─── GIVEN RECORDS

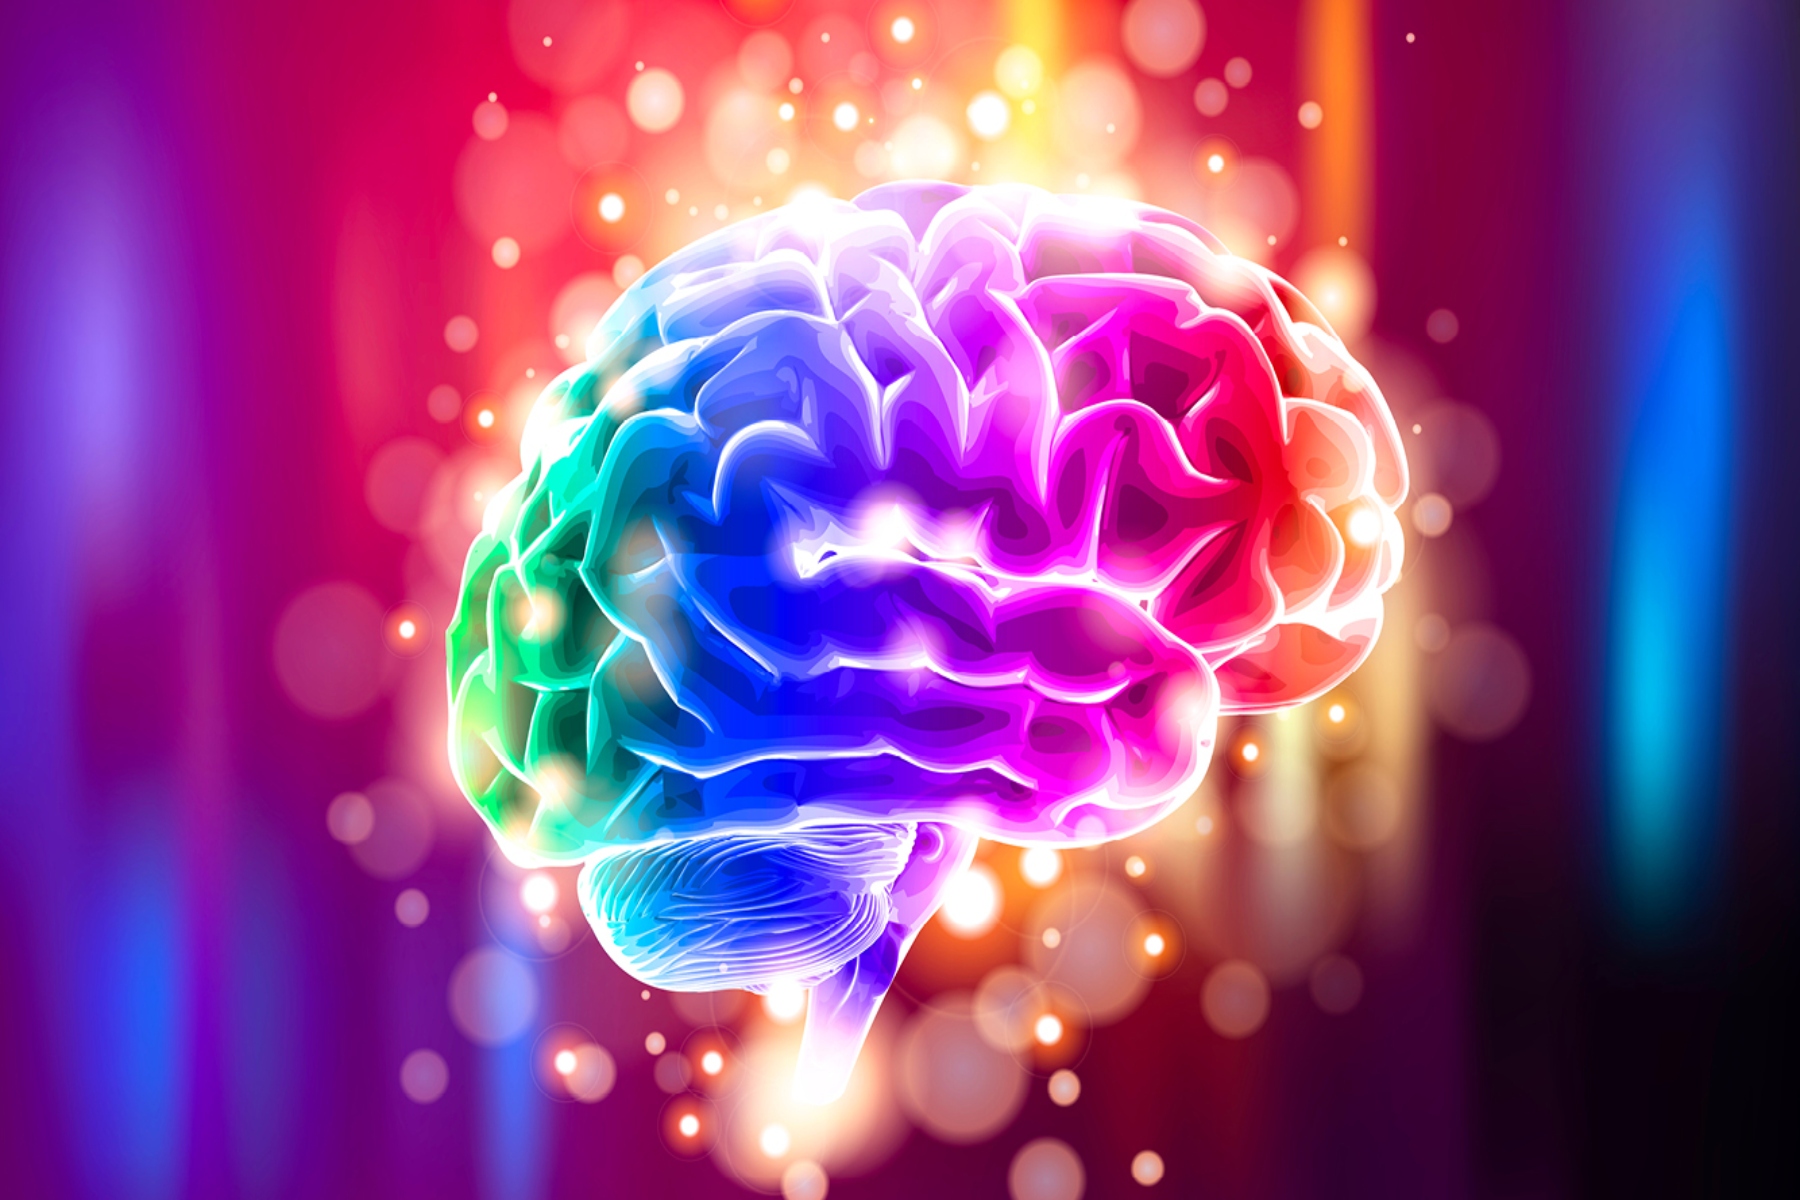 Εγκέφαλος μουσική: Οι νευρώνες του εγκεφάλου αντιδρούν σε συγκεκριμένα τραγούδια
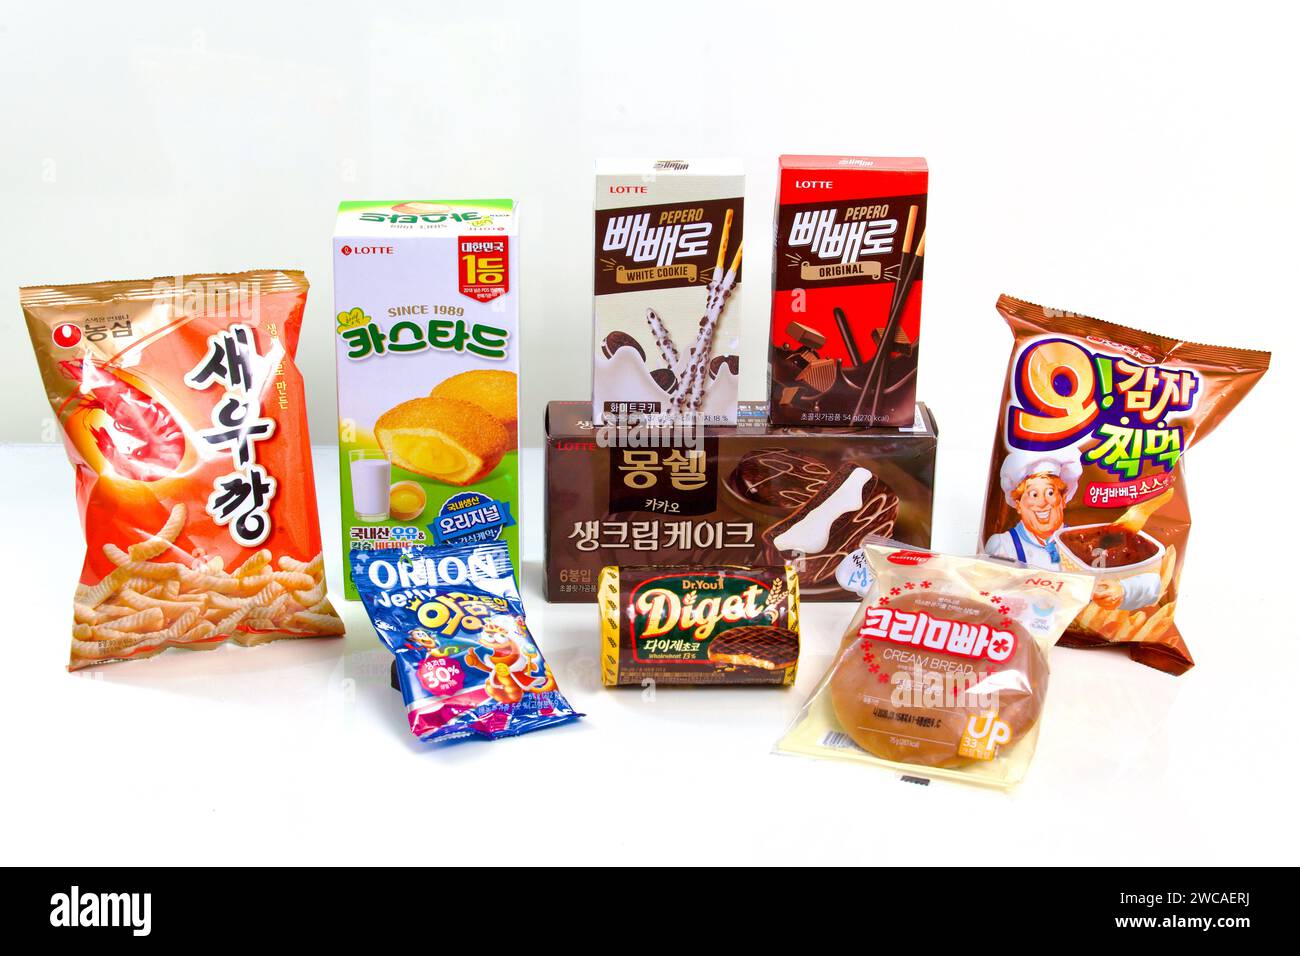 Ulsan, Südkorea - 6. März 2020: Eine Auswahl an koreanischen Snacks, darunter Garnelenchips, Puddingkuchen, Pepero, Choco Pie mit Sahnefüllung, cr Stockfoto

──────
─── GIVEN RECORDS

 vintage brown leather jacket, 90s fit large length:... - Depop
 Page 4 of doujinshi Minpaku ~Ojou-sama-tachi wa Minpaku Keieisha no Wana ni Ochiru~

──────

▶ [YOUR TASK]:
Restate word for word every line from the one with "Εγκέφαλος μουσική: Οι" up to and including the one with "Ulsan, Südkorea - 6." in the records above, minus the pictures.

▶ [YOUR SOLUTION]:
 Εγκέφαλος μουσική: Οι νευρώνες του εγκεφάλου αντιδρούν σε συγκεκριμένα τραγούδια
 Ulsan, Südkorea - 6. März 2020: Eine Auswahl an koreanischen Snacks, darunter Garnelenchips, Puddingkuchen, Pepero, Choco Pie mit Sahnefüllung, cr Stockfoto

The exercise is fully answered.